The bill also adds homeless people to the list of those who could be trained with the funds.

Both the bill and sponsor Sen. Kevin Cavanaugh, D-Manchester, do not specify exactly how much of the extra funds would be spent on what. That’s left to the Department of Business and Economic Affairs in conjunction with the Governor’s Workforce Innovation Board.

“Ideally, it will mean a lot more people getting trained, not just the unemployed but those who are retraining or changing careers,” Cavanaugh told NH Business Review. It will help workers stay employed, he said, “so they can keep up with this changing economy.”

Cavanaugh also said it would help those in affected by the opioid crisis. “There is an incredible need for those in recovery to get them a trade and a job,” he said.

He also said that that tying a tax decrease to the bill, would help “get business on board.”

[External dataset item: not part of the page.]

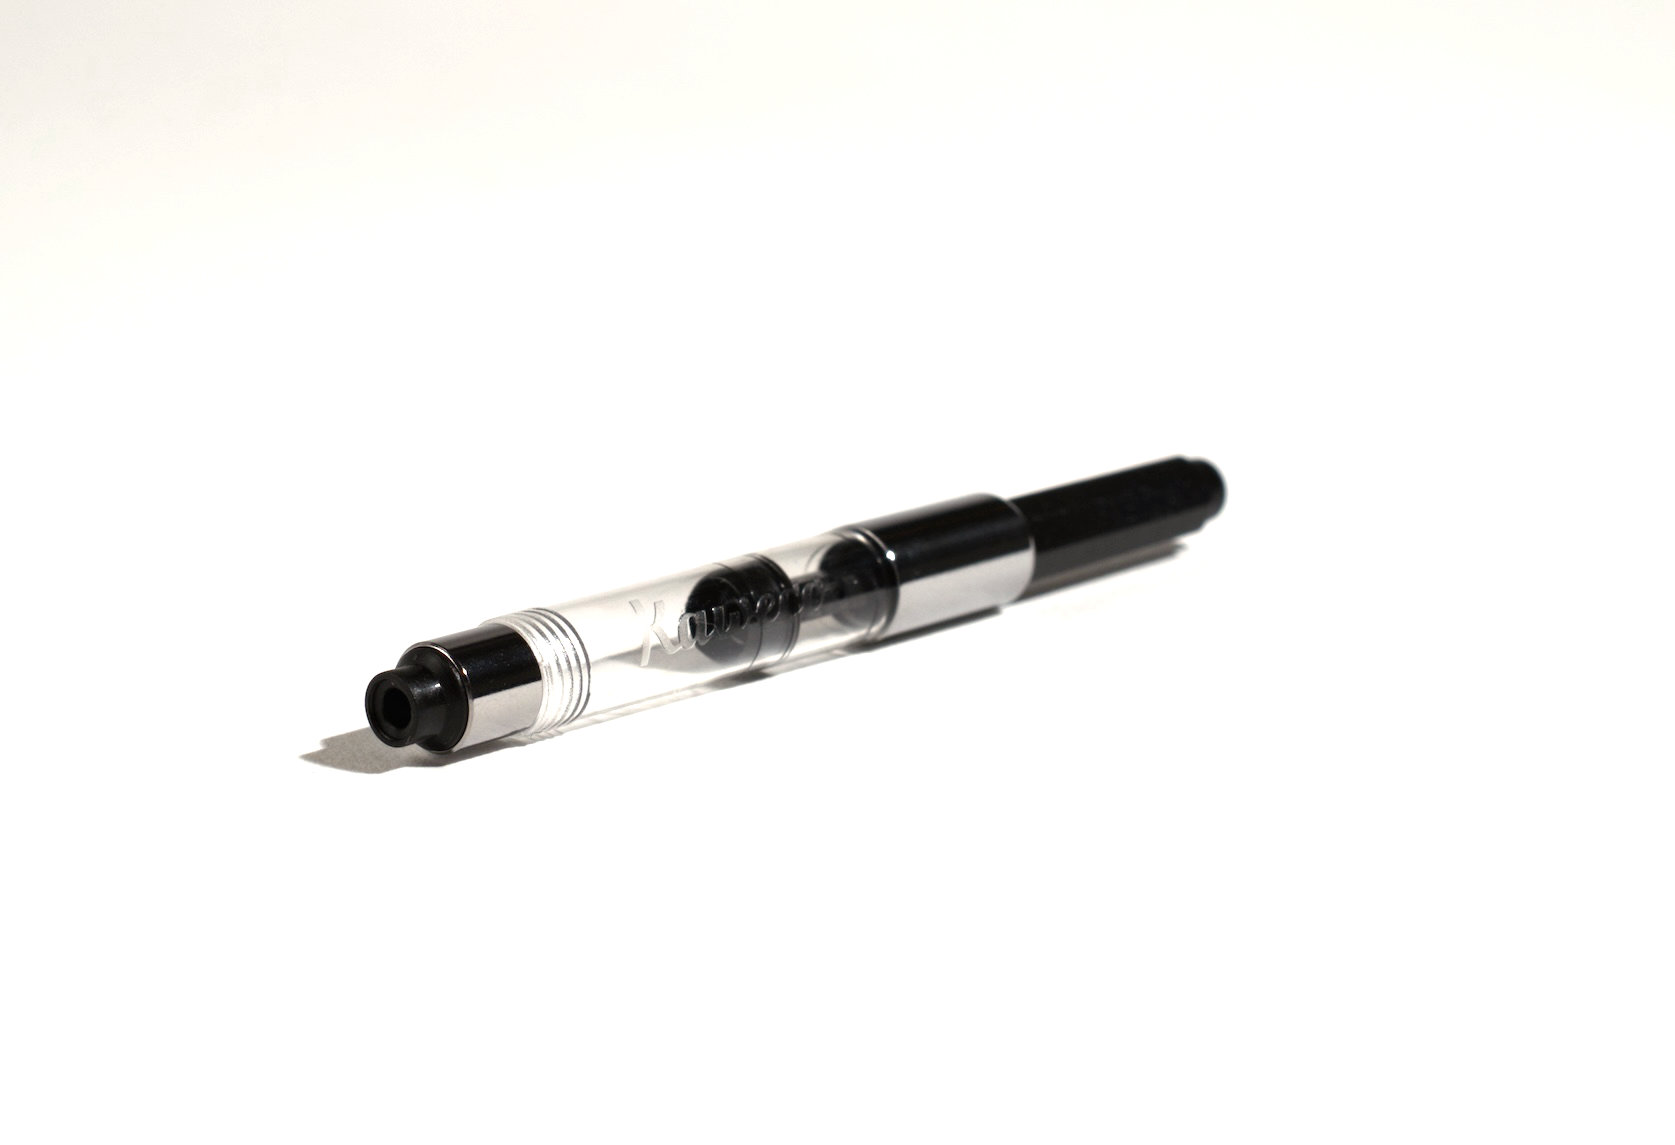 Kaweco Standard fountain pen converter with chrome-coloured accents.

“It would certainly increase the funding pool,” said Phil Przybyszewski, director of the Community College System of New Hampshire’s Workforce Solutions Project. “Right now, most of the training fund is federal.”

The Business and Industry Association of New Hampshire backs the bill, since the workforce shortage is one of its top priorities. But it asked the Senate Finance Committee to amend the measure to add some protections to the unemployment trust fund, since the tax rate goes up once it the fund dips below $275 million. At the end of November, it was up to $312 million, thanks to the state’s low unemployment rate – currently at 2.5 percent.

But that could change. If the economy – knocked about by trade wars and government shutdowns – should go into a tailspin, the BIA would like to make sure that any money not spent at the end of the year lapse back into the fund. It also wants a trigger mechanism that would suspend training funding if the unemployment fund sinks to $280 million or if it is clear the state was going into a recession.

The finance committee voted for an amendment that included language on lapsing the fund, but it contained no language about a trigger. The bill was passed to the full Senate on a 4-2 vote, suggesting there might be some floor debate, and perhaps a roll call vote, but it is expected to pass one way or another under the Democratic majority.